# Thevenin Equivalent

1. Apr 16, 2007

### cepheid

Staff Emeritus
1. The problem statement, all variables and given/known data

Find the Thevenin equivalent of the circuit shown below

2. Relevant equations

Nothing but basic principles

3. The attempt at a solution

Alright, I realize that it will take some time for the attachement to be approved, but it's a really simple circuit. It has just one loop. Starting from ground, you go up through a 10 V voltage source, across a 1k resistor in series with it, and then back down to ground through a "controlled" current source, which means going in the opposite direction of the current indicated by the arrow ('up'). Note that it is a controlled source, even though it doesn't look like it in the diagram. This is because Circuit Maker is mildly retarded and doesn't represent controlled sources using diamonds, but using some other much more complicated circuit symbol.
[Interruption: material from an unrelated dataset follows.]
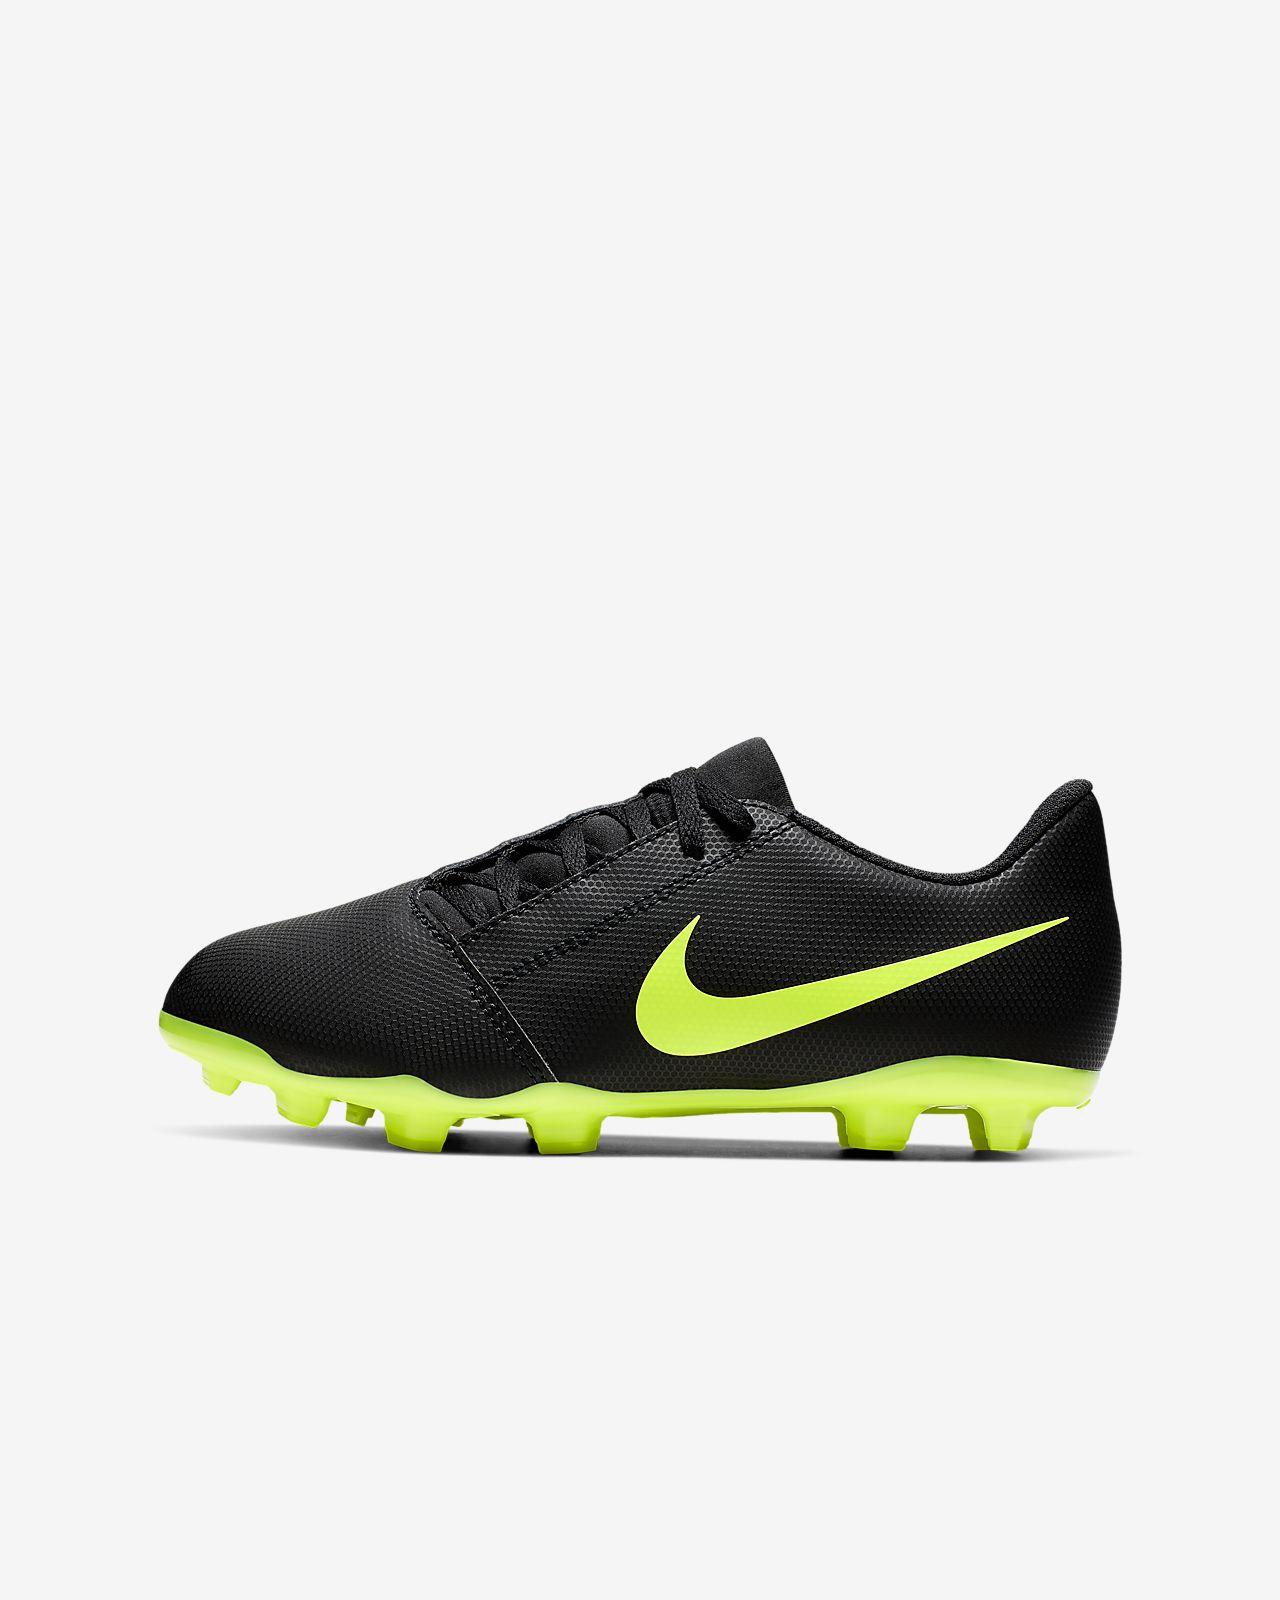 Sec Fg Enfant Club JrPhantom Terrain Football À De Nike Crampons Chaussure Venom Pour SUqVzMp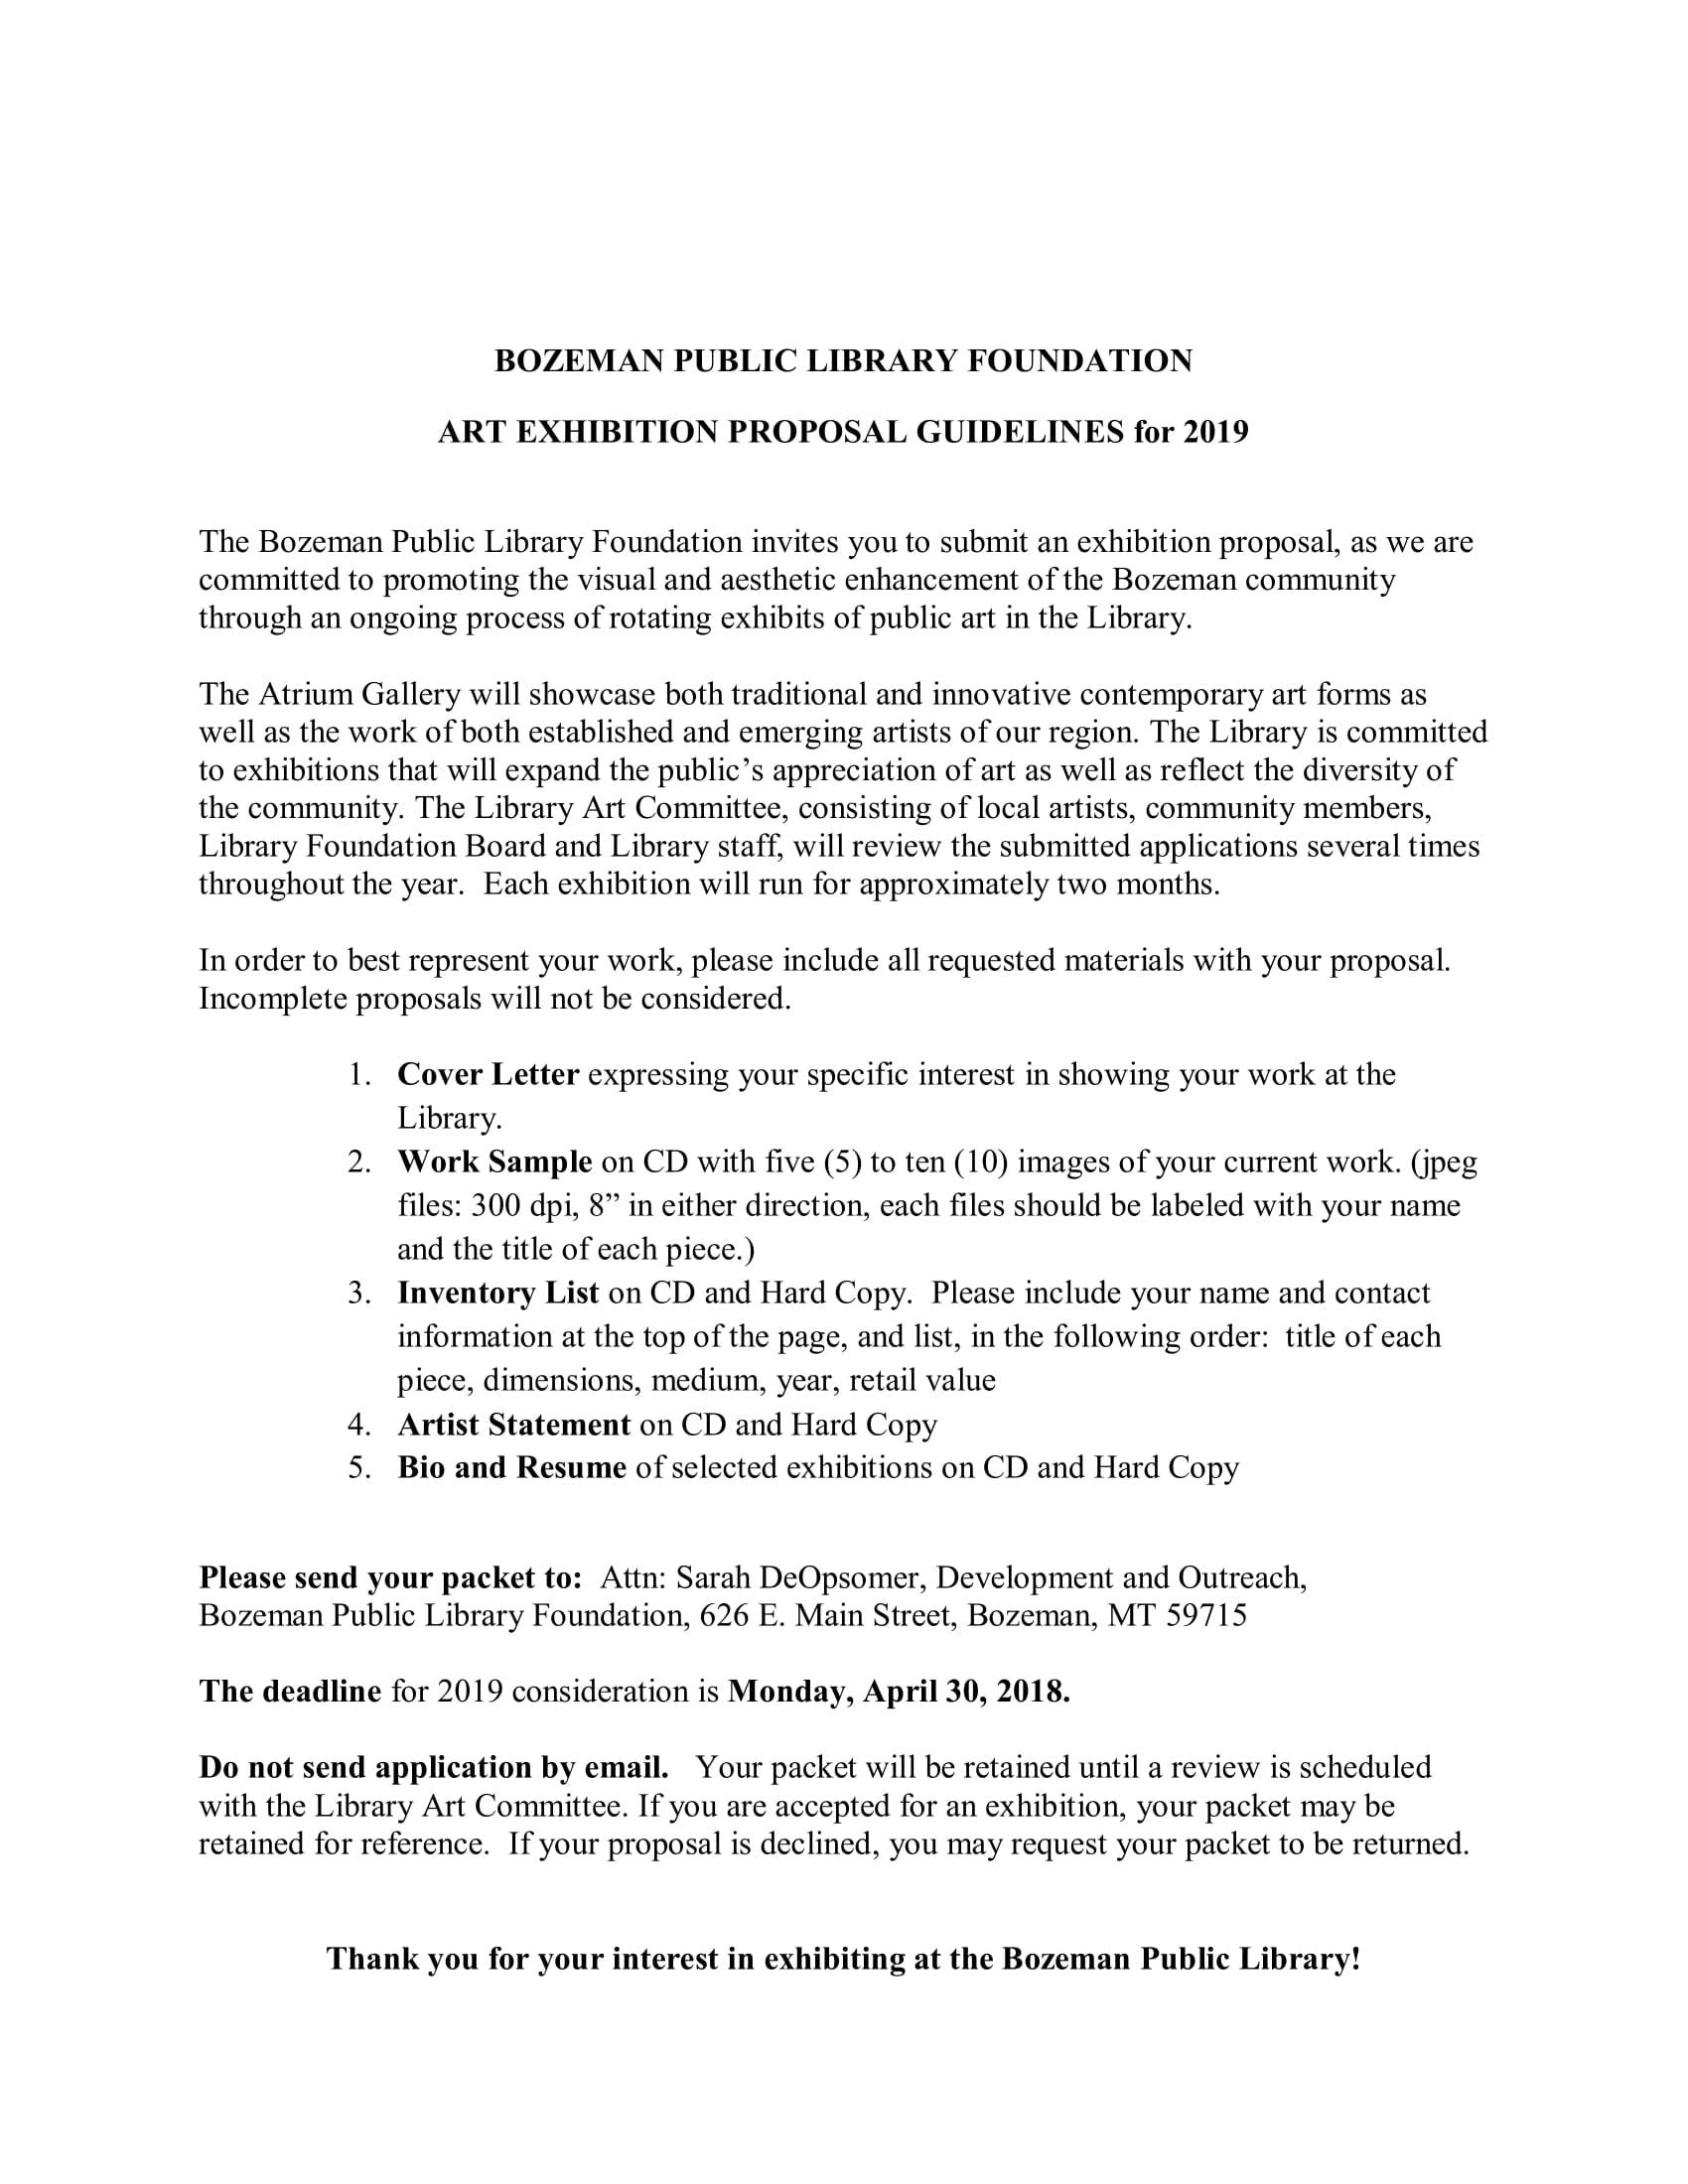 bplf exhibit proposal guide

So I just threw an independent current source in there. Anyway, the output voltage is taken to be across this branch (the current source). Anyway, the current across the 2k is ix, and the current supplied by the dependent source is 3ix. I realize I haven't done anything towards a solution yet, but that's because I'm having conceputal difficulty with the controlled source here. So to be fair, for the time being I won't ask for help with how to solve it except to ask, "what do I do with the controlled source when I am trying to calculate the Thevenin equivalent voltage and resistance?"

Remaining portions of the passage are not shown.